И кто-то еще начал тоже подпевать ей.

XXI

Всегда так. Все так. Кто смел, тот и съел. Хамье верх берет, ничего ему не делается; а совестливый, справедливый человек и уходит вдруг – преждевременно из жизни. Неделимая культура у людей, а сколько все-таки несоответствия в их поступках; настоящая культура, видно, недоступна еще всем, хотя бы мало-мальски, но она доступнее тогда, когда разумнее у всех поступки. Это очевидно каждому.

Анна с горечью отступила в глубь конюшни – в свое стойло лошадиное: она не могла никак разговаривать на том же бранном, грязном уровне своих же баб и мужиков, затеявших такие счеты и трепавших ей теперь за что-то нервы; она подавляя в себе всколыхнувший огонь возмущения, села и застыла неподвижно в окружении детей. Ее сухое, почти какое-то святое лицо, светившееся в полусвете подземелья, еще больше истончилось. Что-то сдавило ей в груди, как у отверженной среди совсем глухих и незрячих. Она невольно вспомнила роман Гюго, при чтении которого урывками она, бывало, плакала над судьбами героев и тогда никак не думала, что нечто похожее доведется испытать и ей самой с детьми, если не худшее еще. Хорошо еще, что кружку с жидкостью не швырнули ей в лицо.

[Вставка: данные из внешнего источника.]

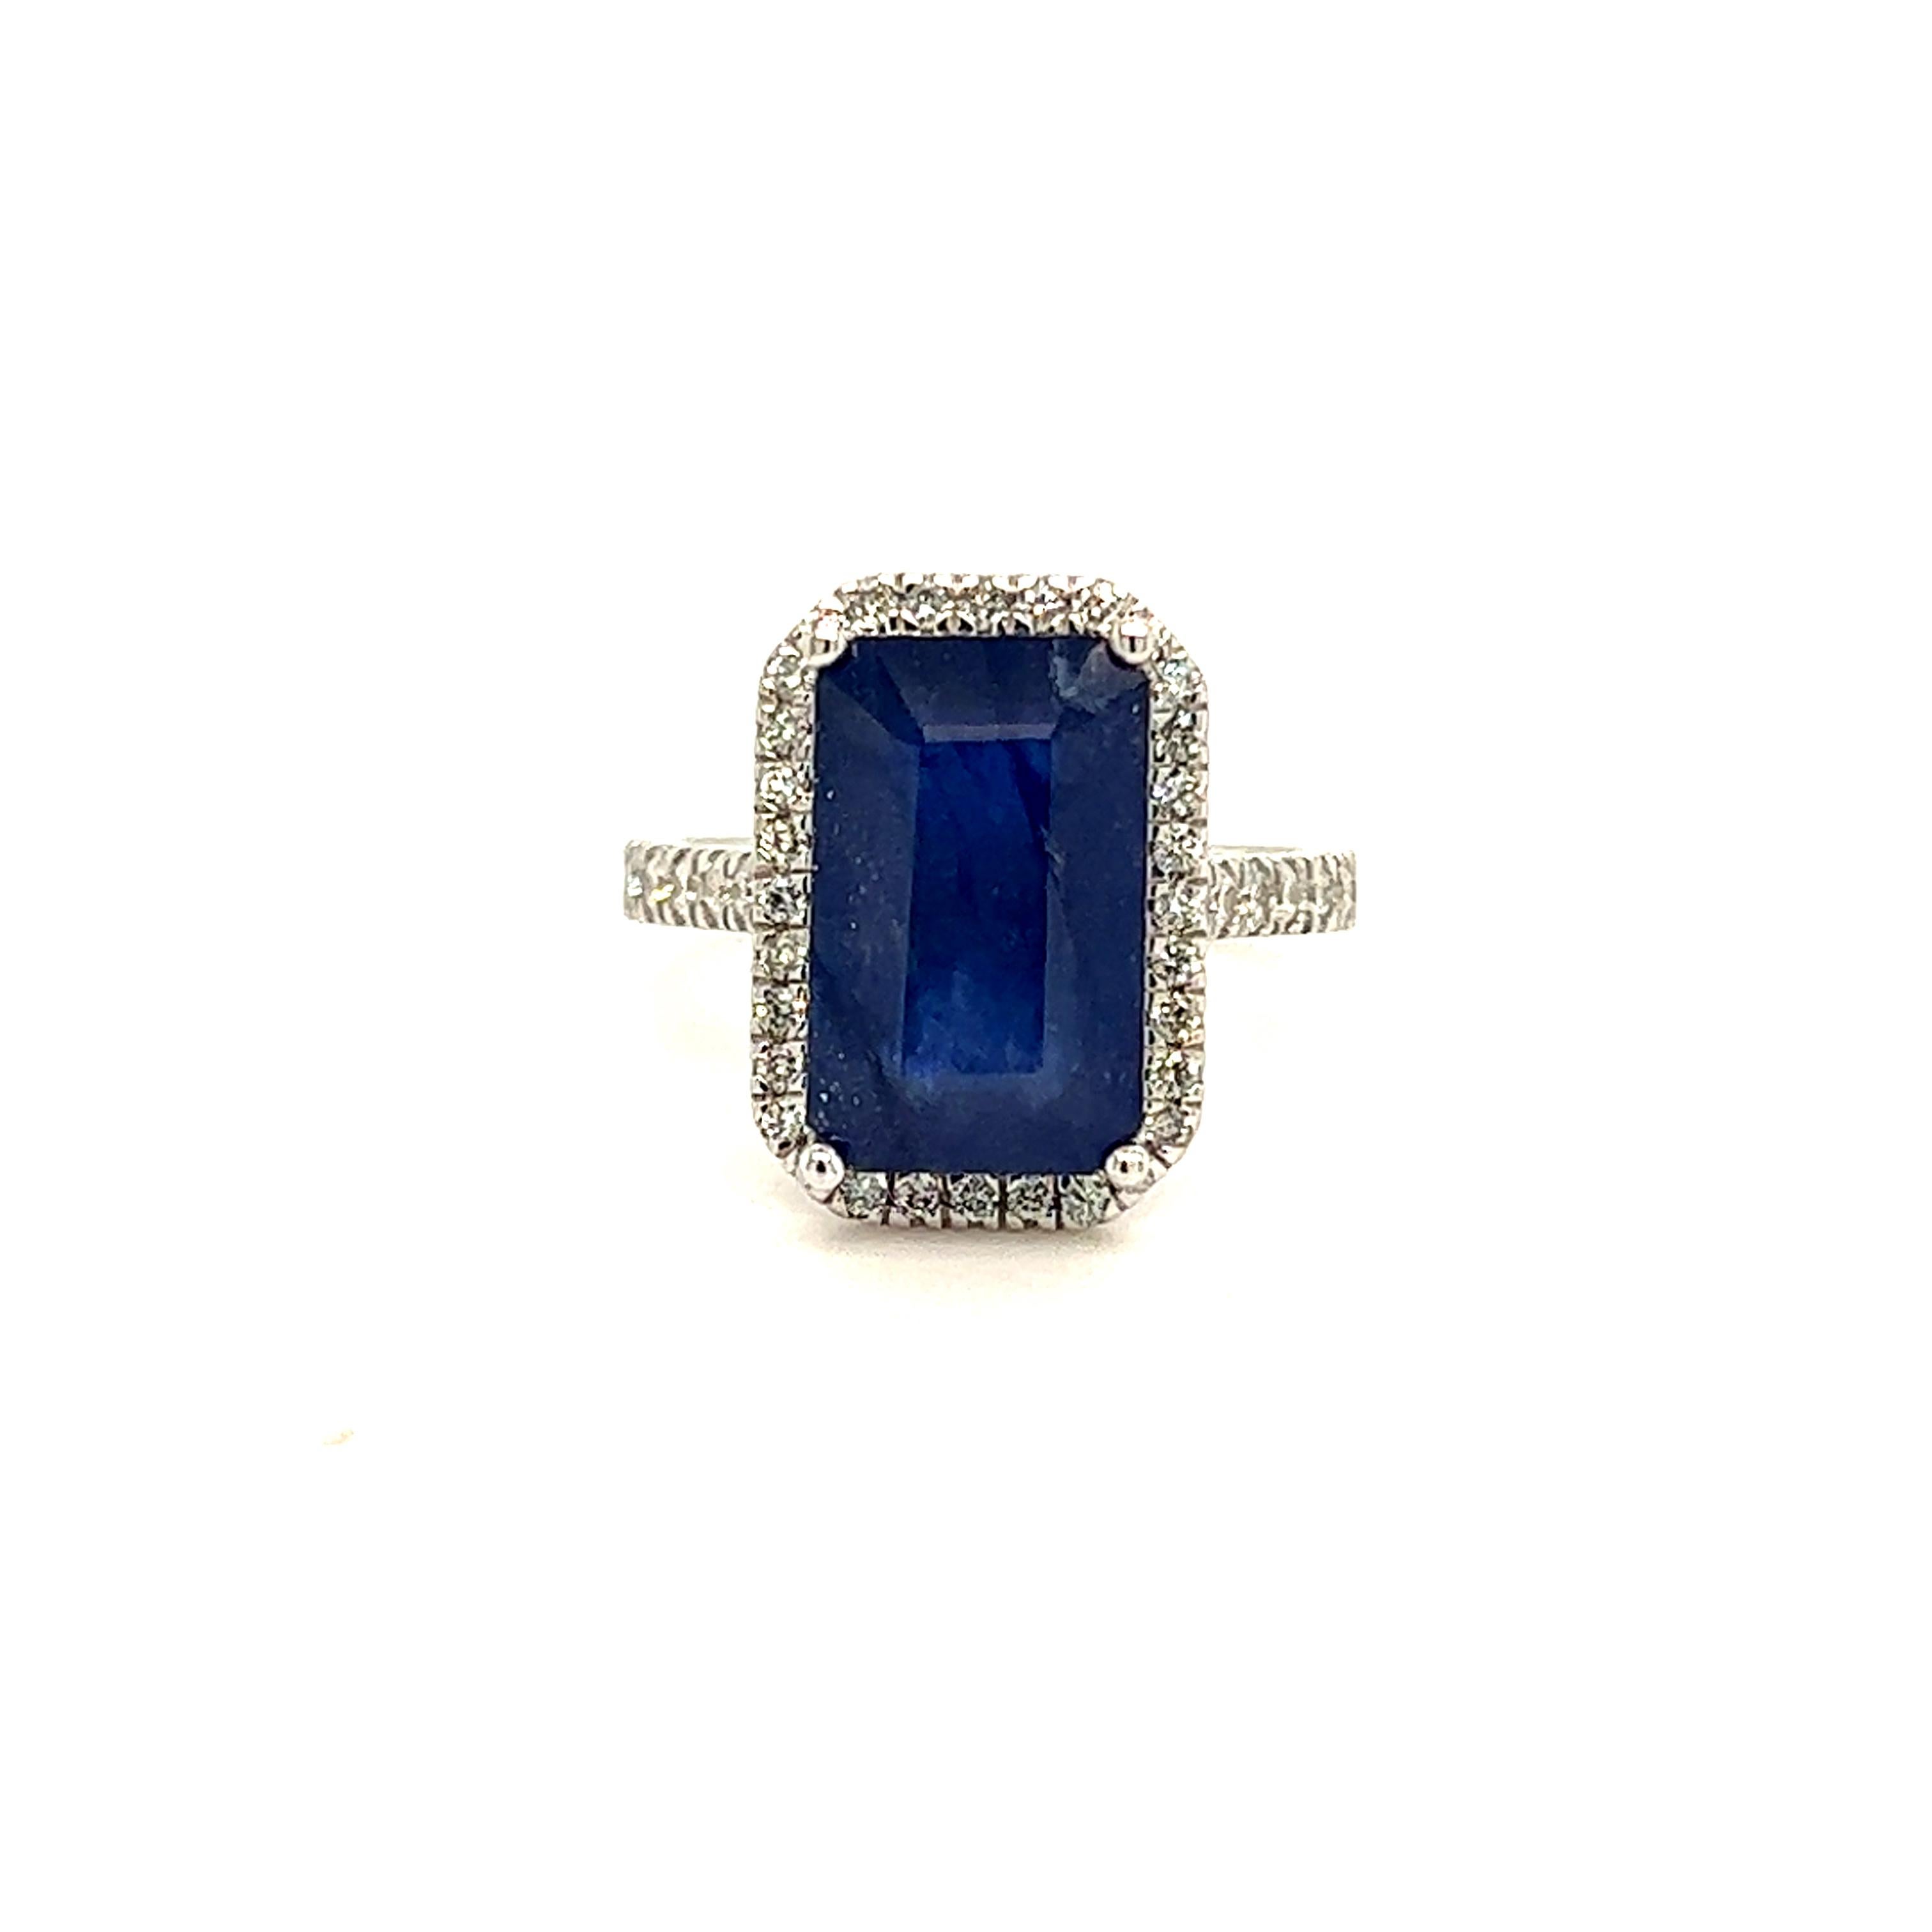 Sapphire Diamond Ring Size 6.25 14k Gold 6.84 TCW Certified For Sale 2

И будто бы послышалось ей опять самое будничное, донесшееся теплой волной до нее, до слуха:

– Ой, даже нету слов. Все чисто.

– Родная моя, всего хватает. Не грешат.

– Но она и сама хороша. Золото. И умница, и ладная, аккуратная во всем.

– Так ведь она не такая старая…

– Другой и старый, а все крепенький. Долгожитель.

– Рыба ищет, где глубже, человек – где лучше.

Потом, когда ее уже никто не отжимал от накаленной бочки прочь, Анна грела воду, чтобы кипяточком напоить ребят. А Домна, разинув до небес рот и залезши туда всей рукой, пальцем, как крючком, пыталась подцепить что-то там и вытащить. Может быть, застрявшие там кусочки еды. Так было несколько раз и, в промежутках между этими упражнениями, Домна ухитрялась еще разговаривать с мужем – издавала полумычащие звуки. И Анне было уже смешно смотреть на нее.

Вспомнилась ей смешливая довоенная история с бессовестным клопом, заползшим однажды в ухо Домне; он не давал Домне покоя два дня, а выполз неожиданно на запах блинов в поле, когда та, пообедав ими, прикорнула тут же. И Анна обнаружила тут, что зла не имела на нее и ни на кого другого – абсолютно никакого. Только бы с ее ребятами не трогали – они не стоят поперек дороги кому-либо.

Она несколько отошла, сердце меньше стало саднить, ныть.

Анна размышляла для себя – ей, сиделице в подземелье, и для этого хватало времени; она размышляла – и еще несмиренно ужасалась наказанию лихому, злому, навалившемуся на них всех. Отчего оно? По чьей прихоти безумной?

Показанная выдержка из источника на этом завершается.